While modern research shows neither of these beliefs hold truth, medieval Christians attached the imagery of this self-sacrificial act to Jesus Christ’s sacrifice in His Most Precious Blood for the salvation of humanity.
Fr Hanlon’s second theory then fit more neatly together – that the stole, which had vineyard imagery, and the cope hood, which had the pious pelican image, were part of a set.
Not only were the stole and cope hood both cloth of gold with similar red bordering, the Eucharistic imagery they bore suggested they belonged to a set for the Solemnity of Corpus Christi – the Most Holy Body and Blood of Jesus Christ.

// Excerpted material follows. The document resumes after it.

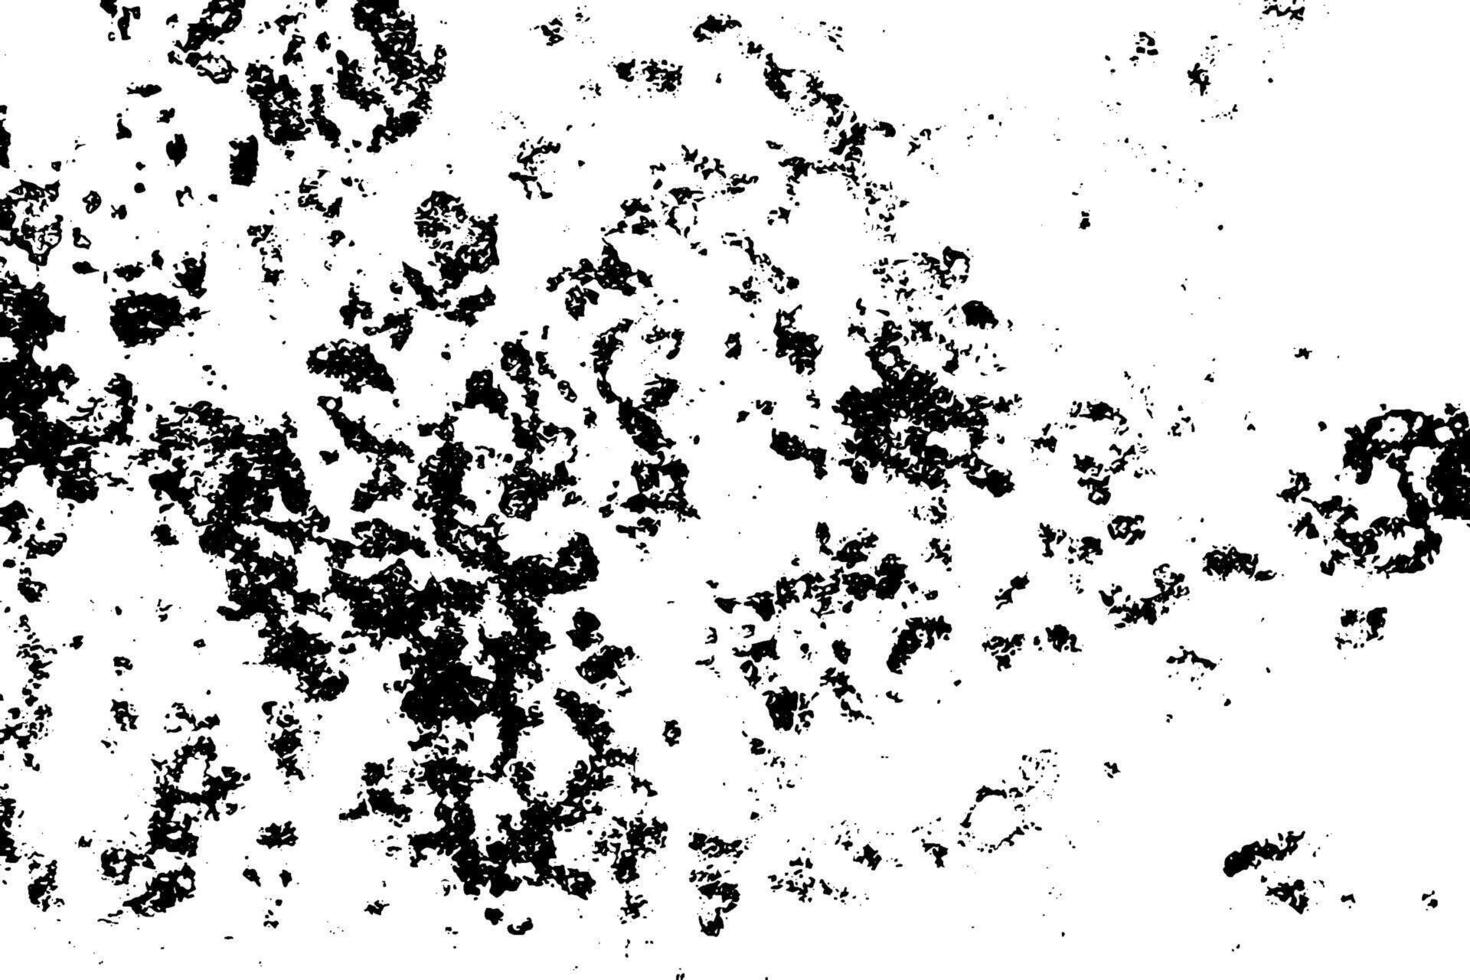 fundo grunge de preto e branco. textura de ilustração abstrata de rachaduras, fichas, ponto. padrão monocromático sujo da velha superfície desgastada. vetor

In addition, the area of Belgium Bishop Eacott had suggested for Arthur’s find was known for its Corpus Christi devotion because St Thomas Aquinas and Pope Urban IV had met there — Pope Urban IV later asked St Thomas Aquinas to compose the Mass for Corpus Christi.
Fr Hanlon’s third theory was that the silk, rose-coloured vestment was a Roman Chasuble, colloquially dubbed the fiddle’s back for its resemblance to the instrument’s shape.
He said rose-coloured vestments were rare because the Church’s liturgical calendar only had two days with the rose colour – the third Sunday of Advent and the fourth Sunday of Lent.
Many places through history did not have the rose vestments, he said, including where he grew up in Central Queensland.
To see rose-coloured Roman Chasuble suggests they were a “luxury” item, which supports the idea the church was well resourced.
Fr Hanlon placed the manufacture of all the vestments most likely at a convent in Flanders.
Ecumenism through faith-filled eyes
The story of the vestments is only beginning to be unearthed as Ms Ashton and Fr Hanlon study them more closely and work out the logistics of possibly returning them to the Diocese of Brugge.
Fr Hanlon said the fact that four people from another tradition found these vestments and were moved to repatriate them to the Catholic Church was beautiful.
“We talk a lot these days about repatriating heritage objects and how wonderful it is that after all these years, there are people who are out there – I mean the ladies – who were so concerned with doing the right thing by these Catholic objects repatriating and returning them to their place of origin in the Catholic Church,” he said.
He said there was also a strong ecumenical feeling to the day.
“I’m fairly proud of that because let’s face it, out there in the wider society, there are a lot of people who would say ‘well what’s the point of it’, ‘they’ll never be used again’, and ‘we don’t even know precisely where they came from’,” he said.
“But the important thing is that in the minds and hearts of (Dale Paynting and Joan Croft) and of the man himself (Arthur Paynting) who obviously told the story, it was important that the vestments come back home.”